The meanings of the words Lokayata and Carvaka are of interest.  Both seemed to have been used as terms for Indian materialism in ancient times.  The Sourcebook in Indian Philosophy from 1973 states that this materialist doctrine was called Lokayata and its adherents were called the Carvaka.  Yet I have found other highly respected authorities who view both Carvaka and Lokayata as related, but separate, schools of Indian materialism.  Other scholars deal with them as one group.  By the eighth Century BCE, the terms were used interchangeably to denote materialism in philosophy.

Here are some of the meanings attached to both terms.  Lokayata is made up of two Sanskrit words, loka and ayata.  Loka meant “in the world” and ayata meant “basis of prevalence.” Lokayata as an adjective meant prevalent in the world, but as a technical definition it meant “the science of disputation, sophistry and casuistry.” This rather critical definition of Lokayata sounds very like the description of the 5th Century Greek philosophers from the Sophist School by their critics.  An orthodox Indian text interprets the word, Lokayata, as the basis of the thinking of the foolish and profane world.  A turn of the 20th Century text on Indian philosophy states that there is a claim that there was a book called Lokayata in existence earlier than 150 BCE, and it was believed to be a “text of logic, disputation and sophistry.”

Carvaka usually meant materialism more specifically than the word Lokayata.  Why Carvaka was the preferred word for materialism seems to be because there was a philosopher called Carvaka who propounded materialist doctrines in India.  But it also seems to have a separate implication, based on the meaning of the word itself, which in Sanskrit, literally means “sweet-tongued.” So Carvaka might mean pleasant words, say historians, because there was a perception of Carvaka philosophy as one of “eat, drink and be merry.”

There were two commentaries written about or before the 7th Century CE, which discussed and interpreted differently a work called the “Carvaka-sutras.”  A certain Brhaspati was supposed to have been their author.  The writer was thought to be the son of Loka, and this name would seem to connect to the Lokayata School.  How frustrating it is to be without these original atheist sutras.  They, too, were destroyed, as well as the other atheist texts of Lokayata/Carvaka, as we have learned.  Such obliteration leaves their opponents to quote the atheist philosophers, revile them and unfairly dispute them.  And yet, the arguments against the atheists meant that Carvaka ideas were taken seriously, as a bold and cogent threat to orthodoxy. 

The rigorous opposition of the orthodox has preserved our knowledge of Carvaka/Lokayata through many centuries.  Learning about them has been a personal delight.  These ancient Indian philosophers were stronger, bolder and more outspoken than the early Greek skeptics and atheists.  Brahmin critiques and other arguments against the Carvaka continued until about the 16th Century CE.  Were there still adherents to their materialism then?

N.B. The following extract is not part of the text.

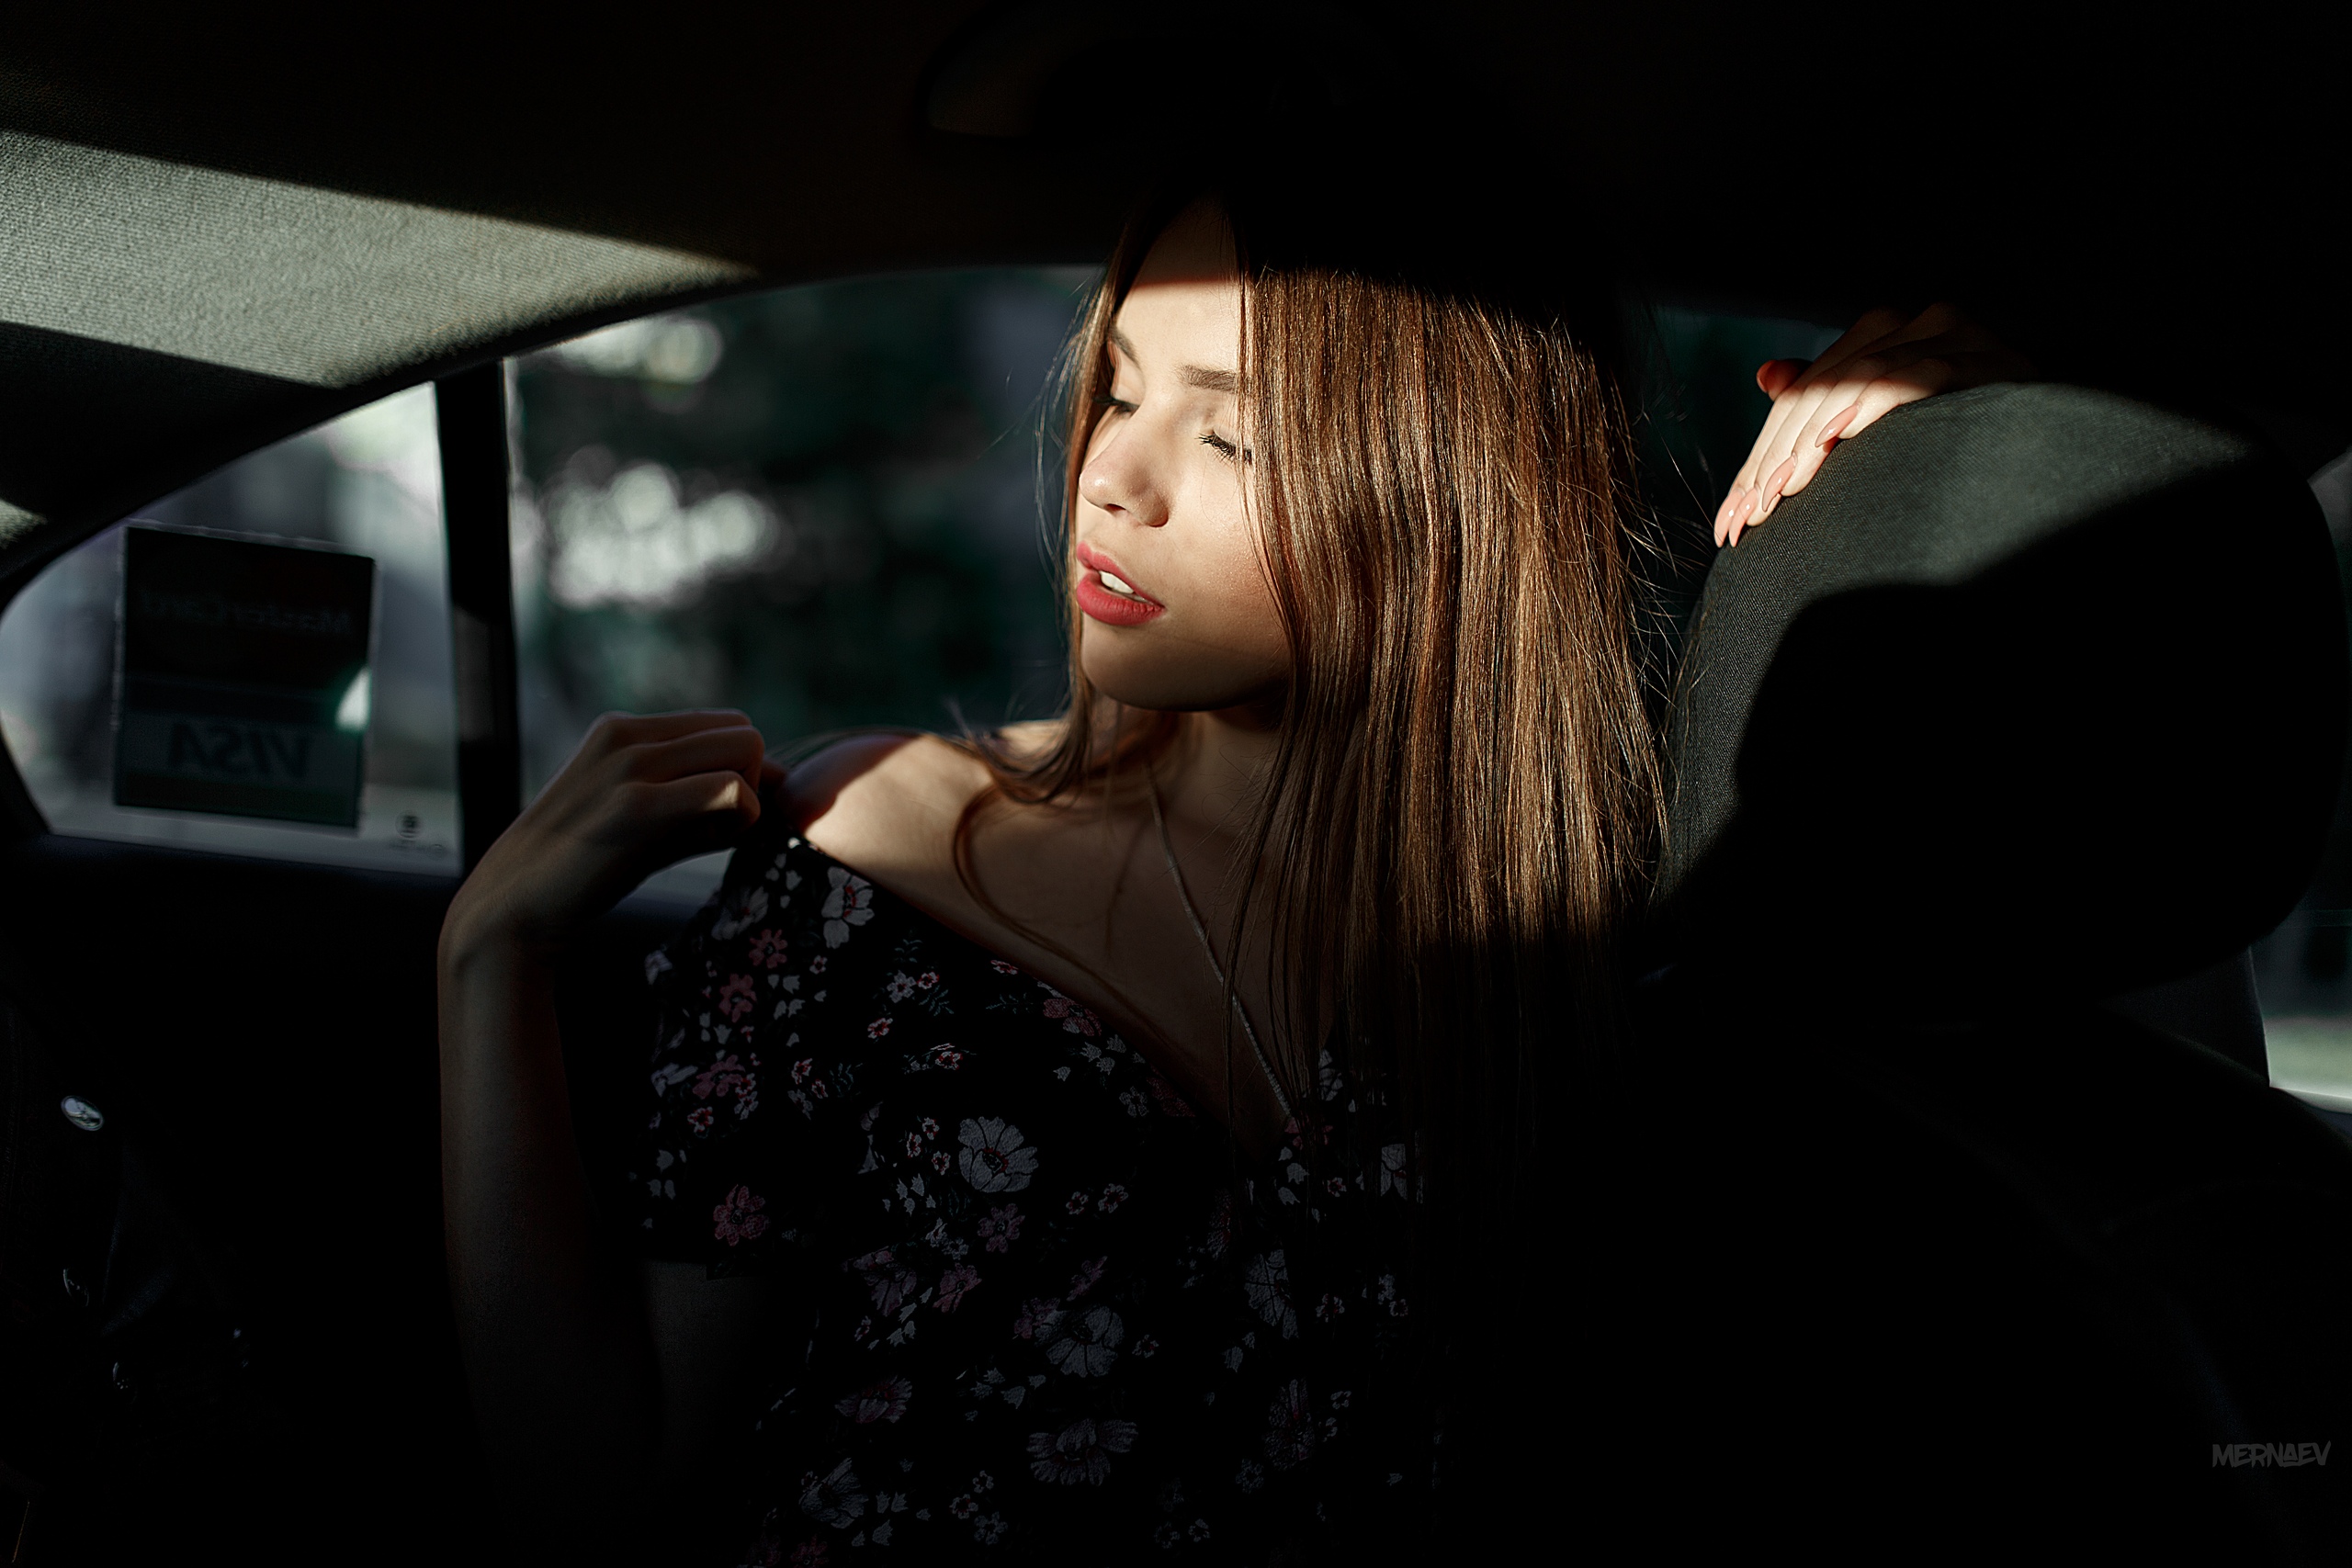 People 2560x1707 Artyom Mernaev women model brunette sun rays closed eyes necklace dress portrait car interior depth of field painted nails dark face sitting in the car

Was Carvaka a living doctrine?  It appears we shall never know.

I am going to first discuss Carvaka’s system of knowledge and then the moral tenets of the school.  It will be seen that Carvaka concepts were very modern and a refutation of idealist dualism, both in ancient India and today.  Carvaka ideas concerning knowledge are often compared to the concept of the origin of knowledge stated by the Epicurean philosopher, Lucretius, in the 1st Century BCE. But remember, although the two systems were very much the same, Lucretius’ account, based on the Greek philosophers, Democritus and Epicurus, was four or five hundred years later than the early Carvaka School.

The Carvaka School held that knowledge was only acquired through perception by means of the five senses.  Here is a quotation: “Whatever is arrived at by means of a direct perception, that alone exists. That which is non-perceivable is non-existent, for the very reason that it is not perceived. There can be a perceiver and enjoyer of experience as long as there is a body, not destroyed by death.”  Perception was believed to consist of two kinds by the Carvaka: external and internal.

The external type of perception is represented by means of the five senses, and the internal by the operations of the mind.  When there is contact between some external object and the senses, knowledge of some sort results.  Further knowledge may result from the operations of the mind stimulated by sense knowledge.  Carvaka believed that ultimately all knowledge came from the five senses and that only matter consisting of the four elements- air, earth, fire and water, may be said to exist.  Charles S. Pierce, the 19th Century founder of American Pragmatism, said something startlingly similar.  He stated that he did not believe in anything he could not perceive.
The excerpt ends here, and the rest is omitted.